In 2017 the vineyards of Bordeaux suffered due to frost, heat and hail resulting in a much diminished yield that culminated in one of the most lacklustre en primeur campaigns in memory. Happily, 2018 saw far more favourable growing conditions giving a more abundant harvest of healthy grapes that should produce some terrific wines. While we await that outcome, we should enjoy the wines of the excellent 2015 and 2016 vintages that could rival the stellar 2009s and 2010s.
Château d'Abzac, whose 35 hectares of vineyards lie on gravelly soil 10 kilometres northeast of Pomerol, is an excellent source of well-made, keenly-priced, forward-drinking red Bordeaux. The château is classified as a historic monument and has been home to the D'Anglade family since 1796. Their popular 'Bordeaux Supérieur' is produced from pure Merlot that is vinified in stainless steel vats and matured for 2 years prior to bottling.

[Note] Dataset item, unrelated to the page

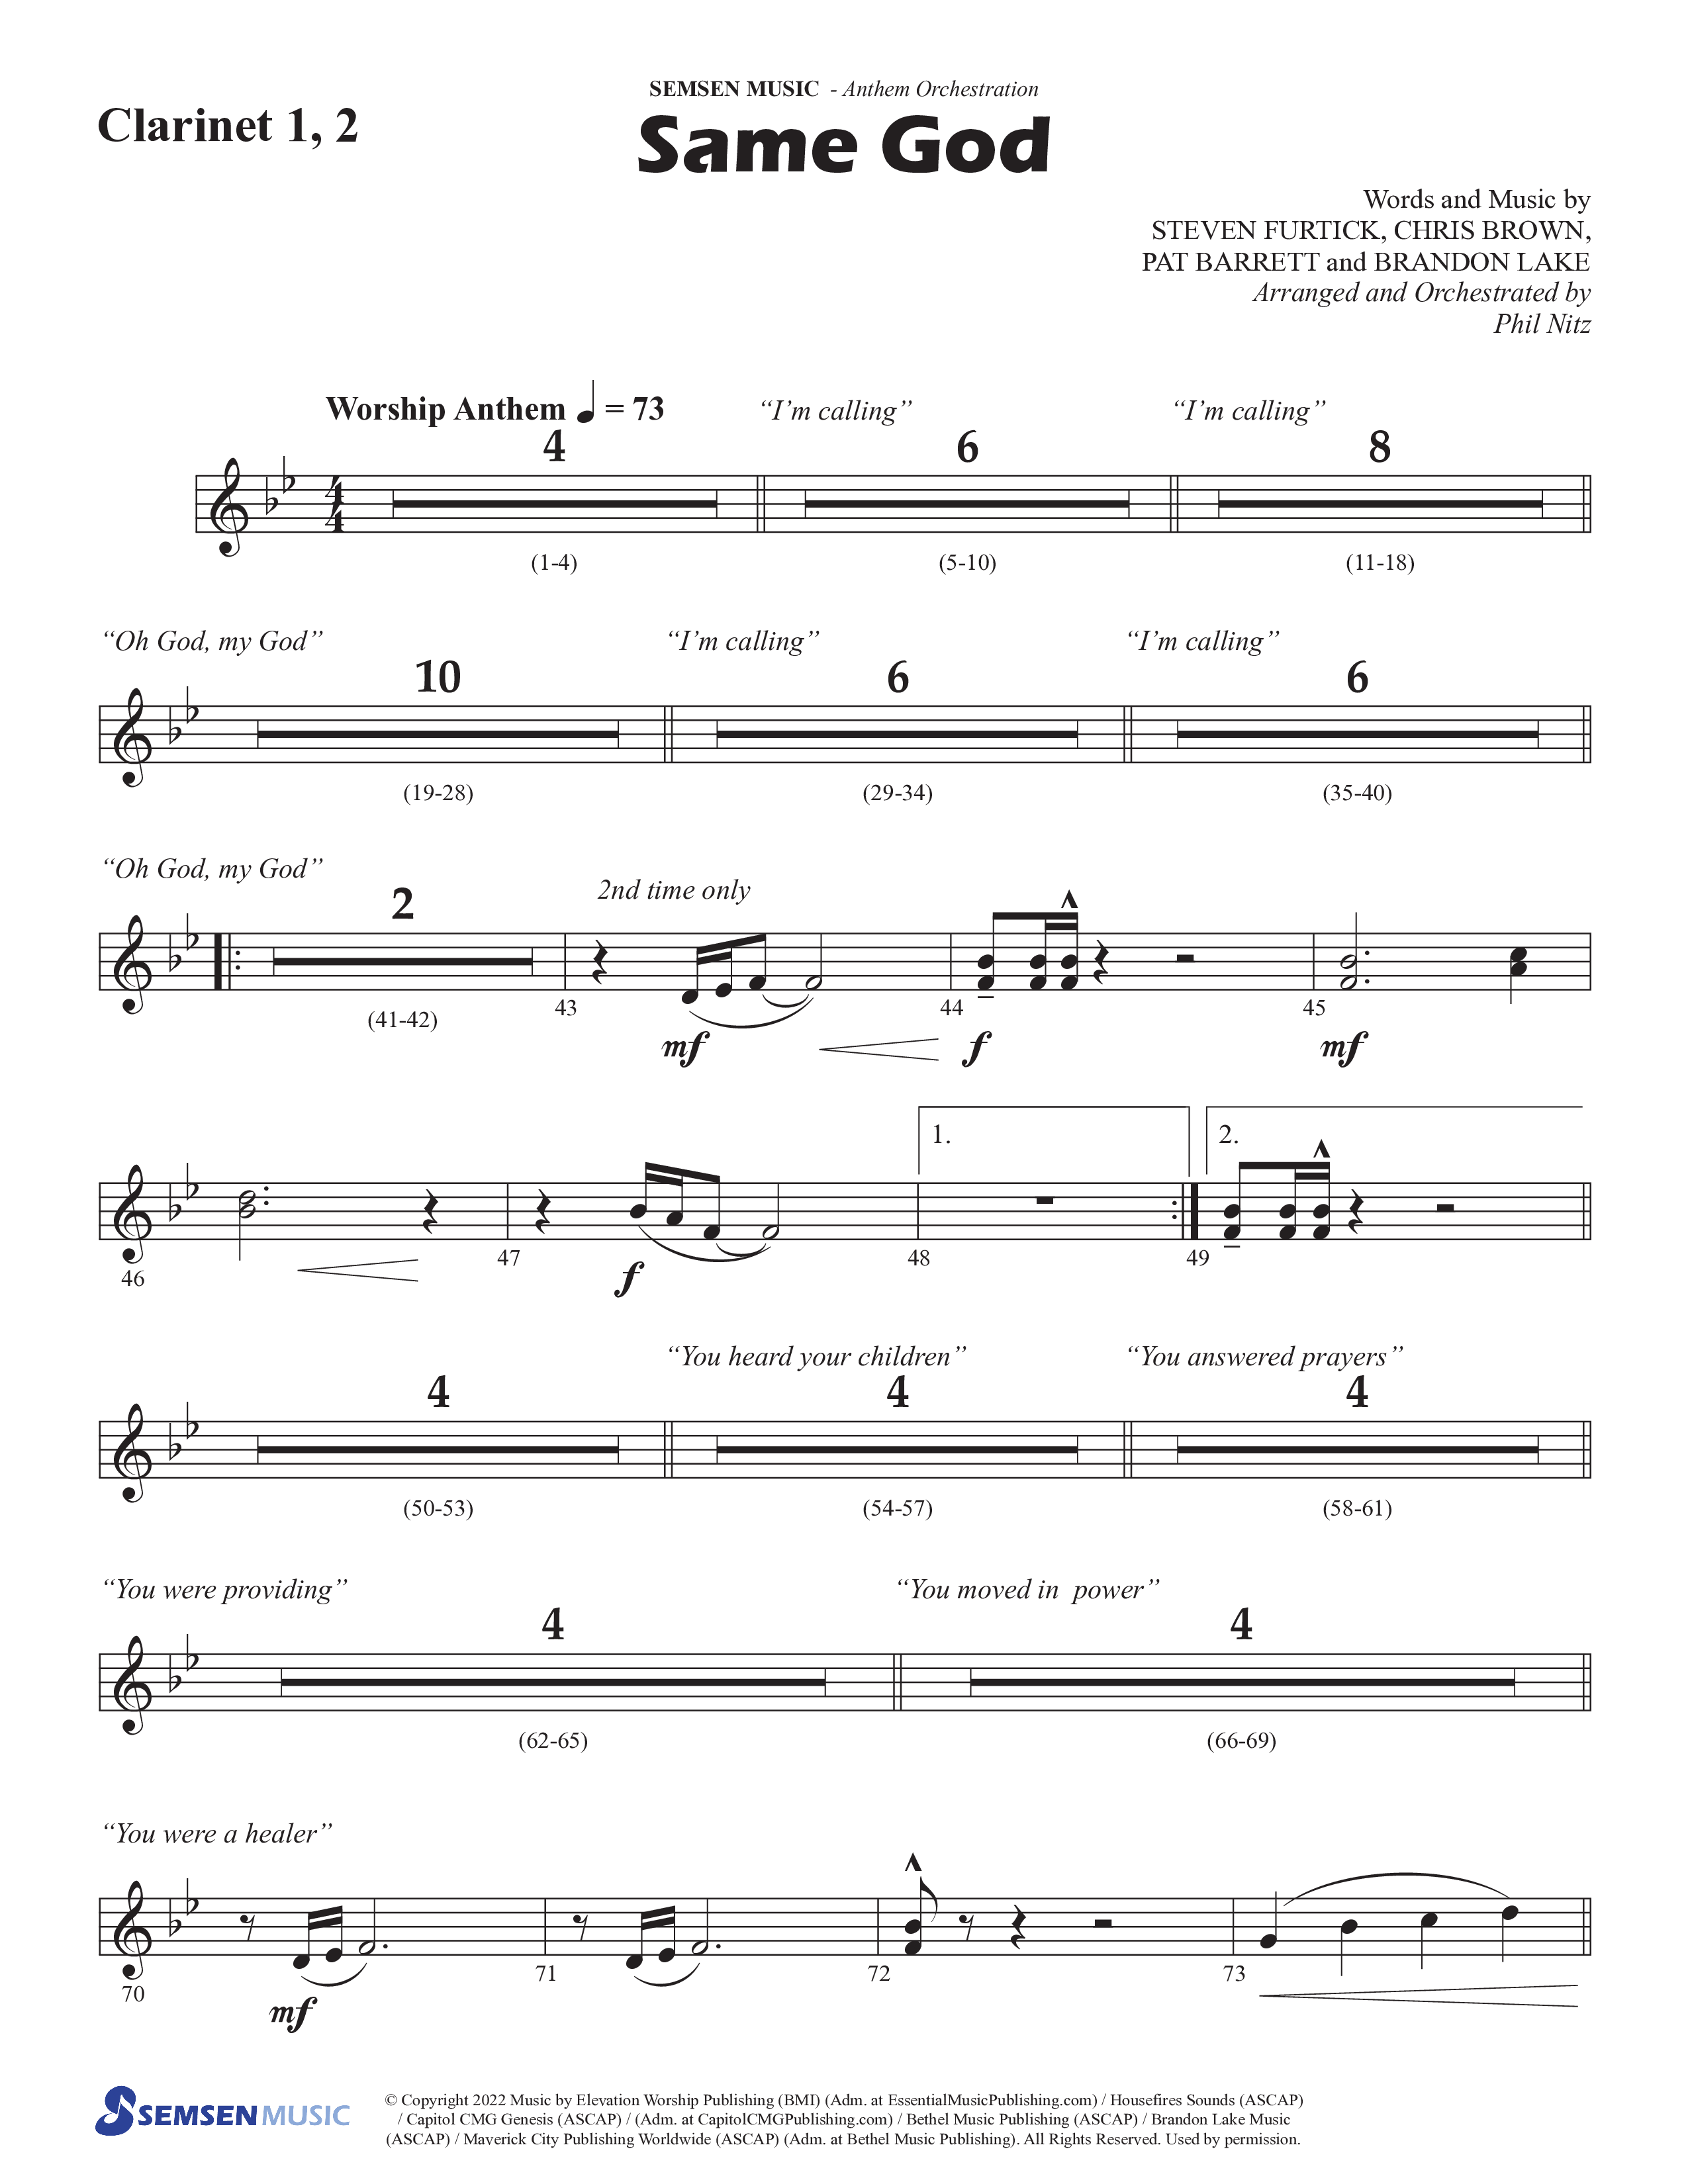 Same God (Choral Anthem SATB) Clarinet 1/2 (Semsen Music / Arr. Phil Nitz)

It is effectively our 'House' Claret and has gained a loyal following for its bright red fruit scents and flavours plus supple tannins. It drinks wonderfully well from release and will readily support 3-5 years bottle age. In 2014 the D'Anglades bought a 1.5 hectare parcel of vines in Lussac-Saint-Émilion from which they produce their 'Château Milonblanc'. It is made from a blend of 90% Merlot and 10% Cabernet Sauvignon that is racked and raised in French oak barrels prior to bottling. It has a similar core of cassis fruit to the principal bottling but a little more weight and concentration and a firmer tannic grip. It merits decanting and makes an excellent partner to grilled red meat or mushroom dishes.
Denis Durantou, patron of Pomerol's acclaimed Château L'Eglise Clinet, also has vineholdings in neighbouring Lalande de Pomerol from which he produces his 'La Chenade' bottling that has long been considered a Bordelais bon marché by wine trade cognoscenti. Made from 80% Merlot and 20% Cabernet Franc it has classic 'pencil shaving' and black berry notes and a rounded palate of dark autumnal fruit over a background of fine-grained tannins. It will cellar well for a decade and longer still in superior vintages.

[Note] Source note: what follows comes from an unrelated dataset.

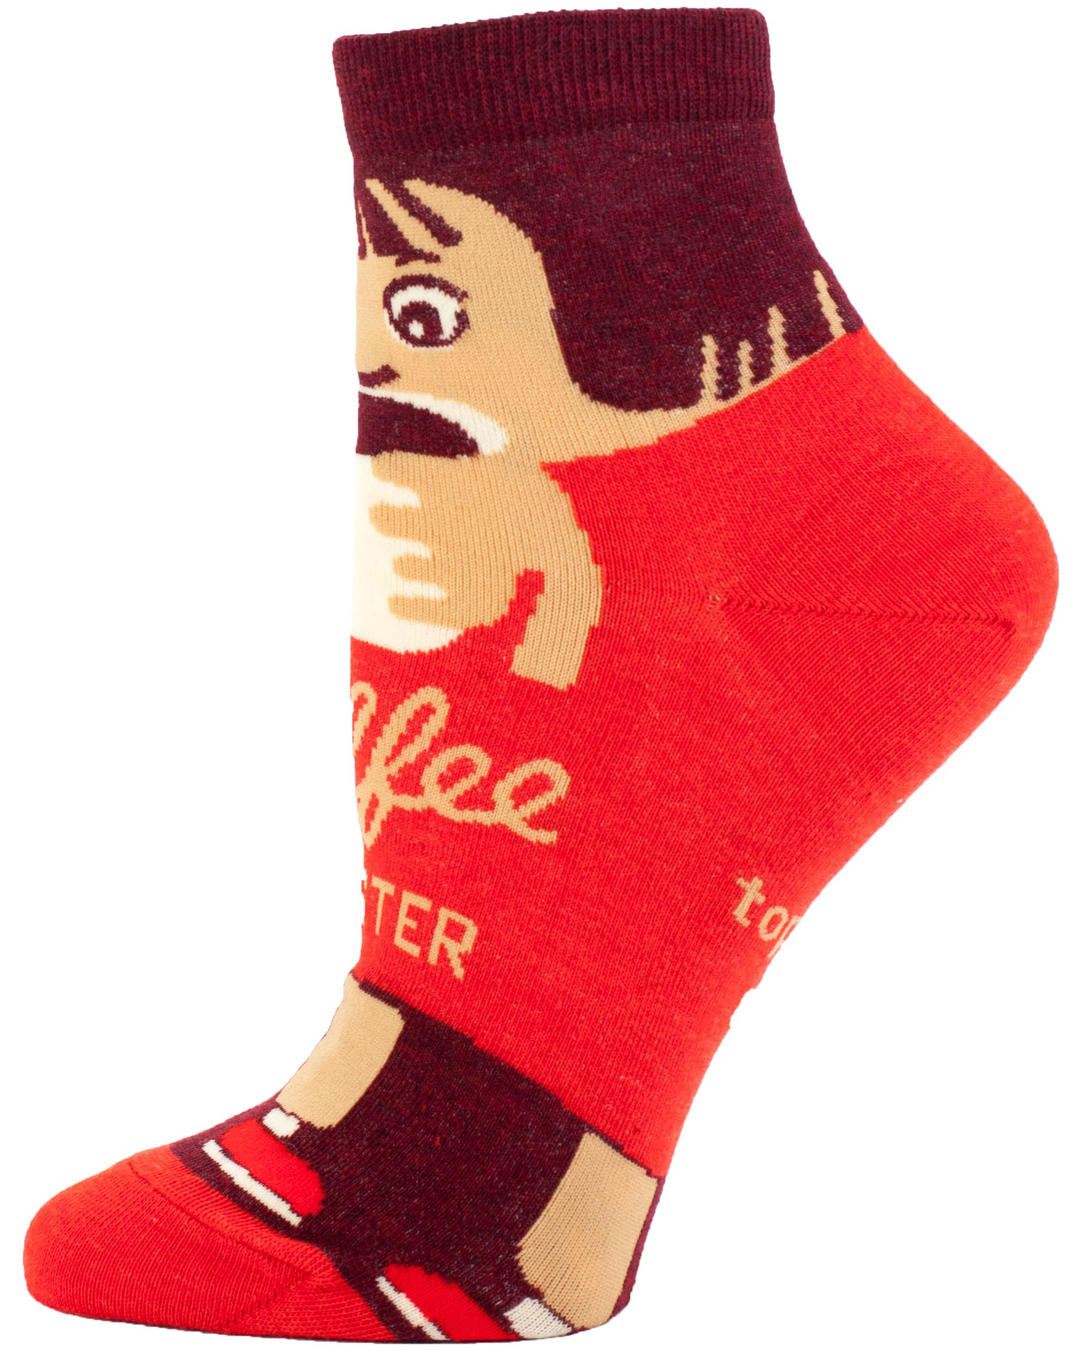 Coffee Monster Women's Ankle Socks - Kingfisher Road - Online Boutique

Buying mature classed-growth claret that isn't ruinously expensive is not easy, but we were pleased to procure a parcel of 'Château Batailley' Pauillac in the diminutive 2012 vintage for your (and our) delectation. Made from a blend of Cabernet Sauvignon, Merlot, Cabernet Franc and Petit Verdot in descending proportions it has attractive cedar scents and a smoothly-delineated black fruit palate supported by tannins that are beginning to sweeten and soften with age. Already drinking well, it should age gracefully for a further 10-15 years.